*** Opening of The data ***
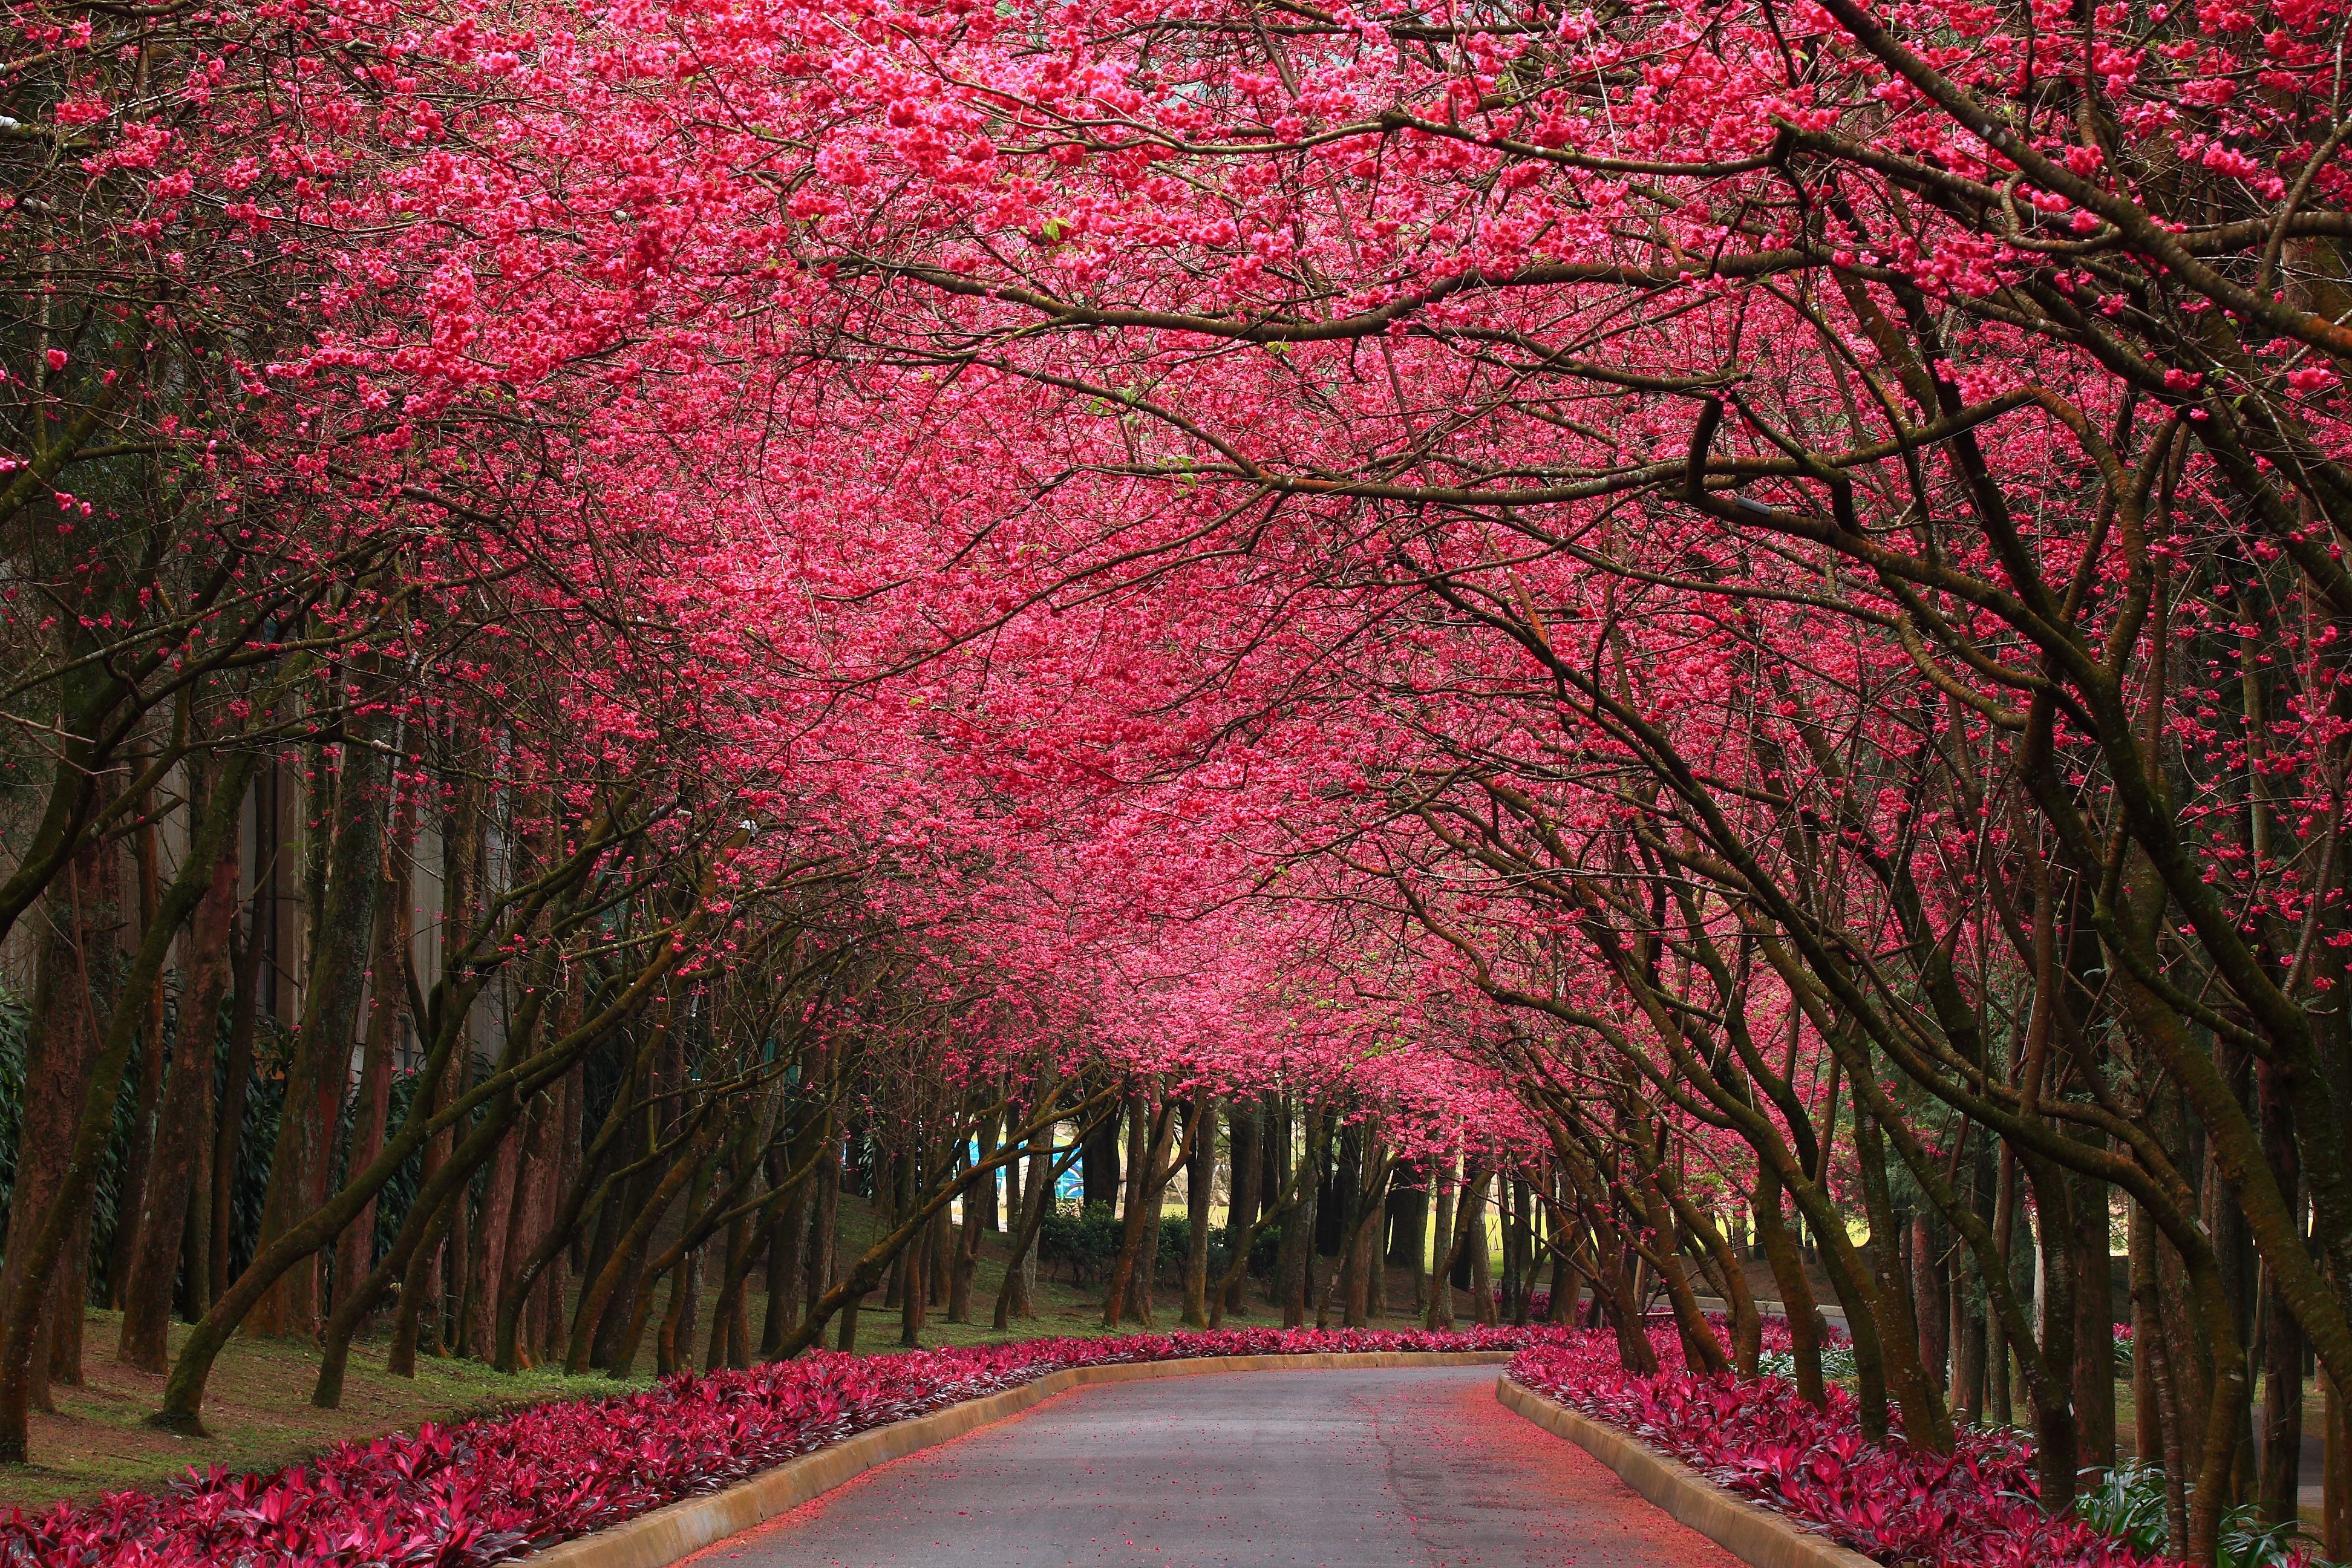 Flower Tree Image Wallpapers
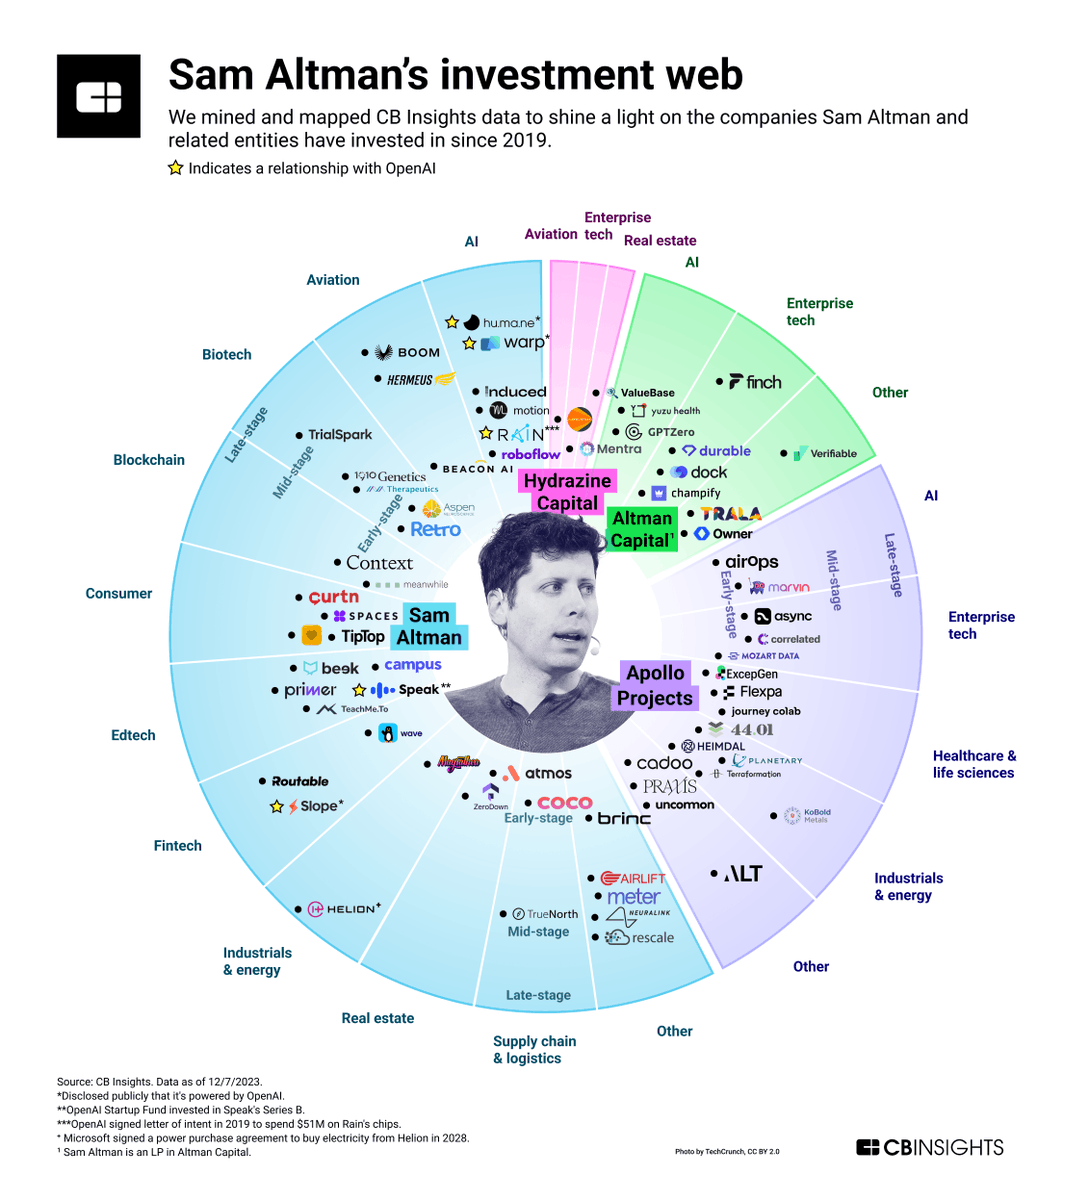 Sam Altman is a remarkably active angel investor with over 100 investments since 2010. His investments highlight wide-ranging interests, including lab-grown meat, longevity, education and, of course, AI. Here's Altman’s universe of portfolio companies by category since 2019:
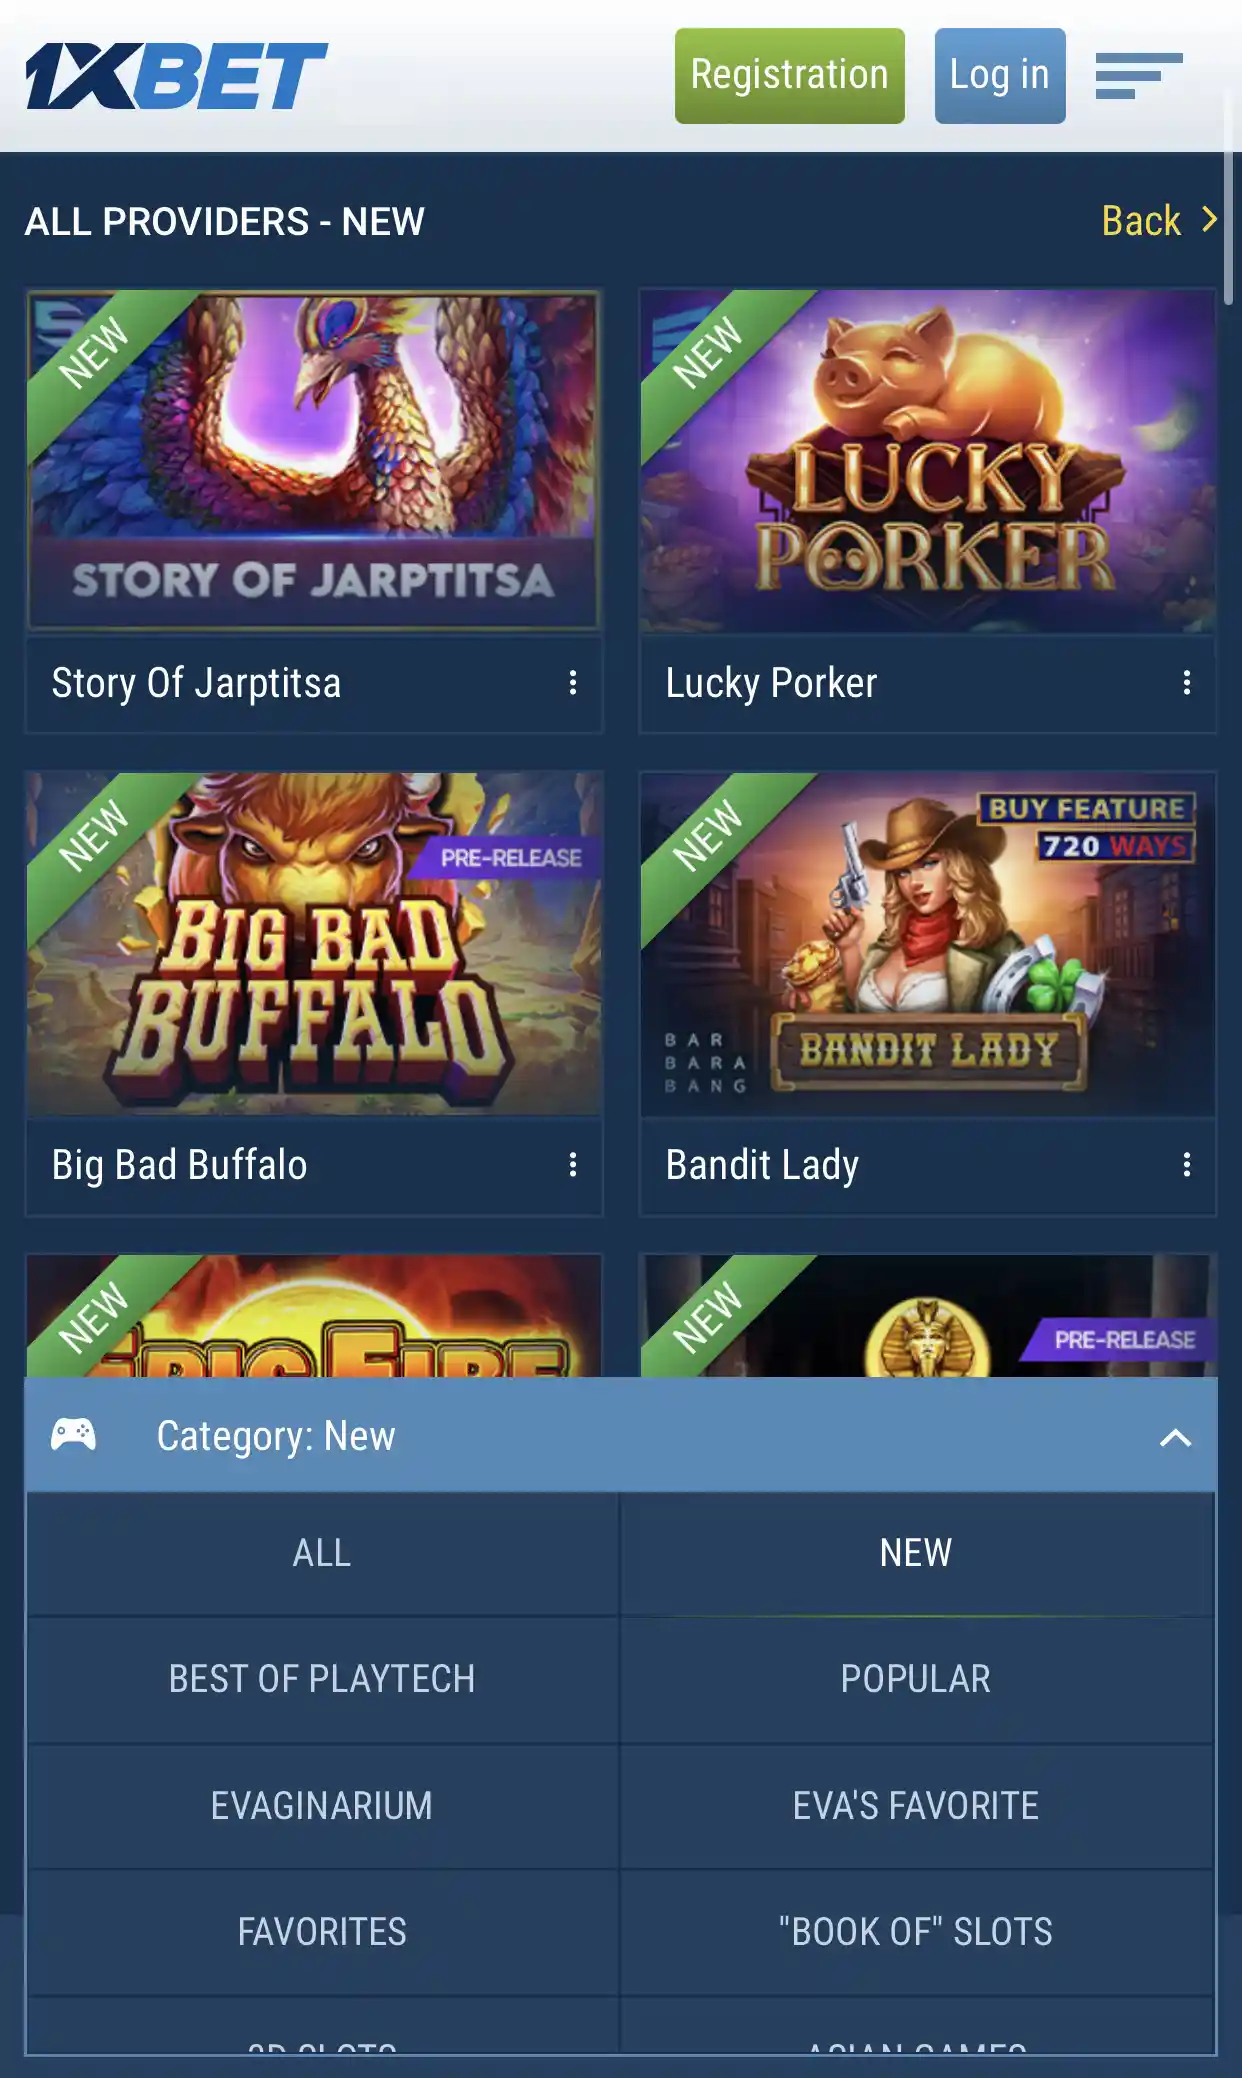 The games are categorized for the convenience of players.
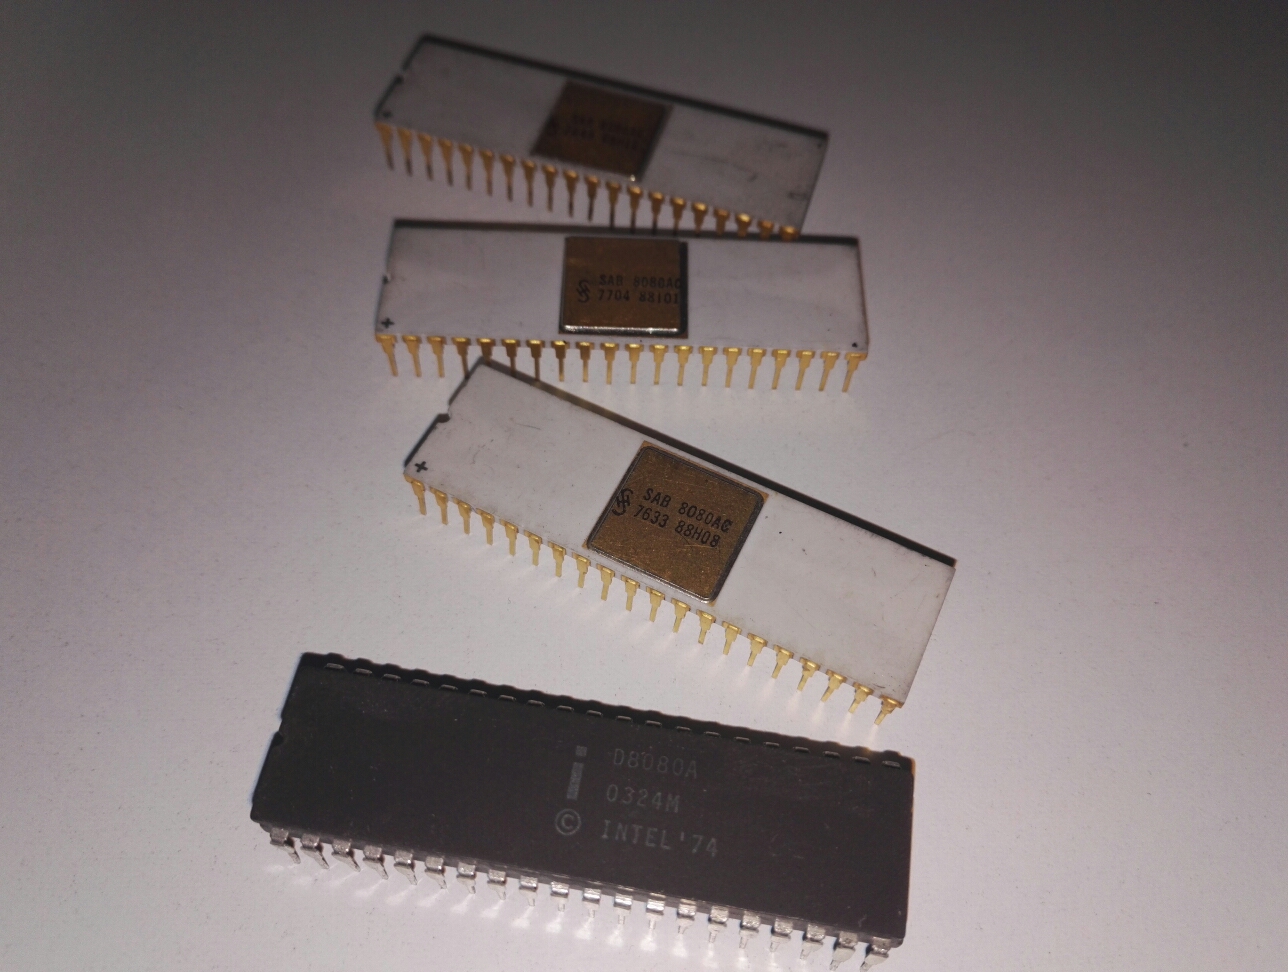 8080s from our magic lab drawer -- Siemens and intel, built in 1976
*** Close of The data ***
**What the task asks:**
Please repeat, exactly as written, only the lines from the line with "The games are" to the end of the data, leaving out every picture.

**Answer section:**
 The games are categorized for the convenience of players.
 8080s from our magic lab drawer -- Siemens and intel, built in 1976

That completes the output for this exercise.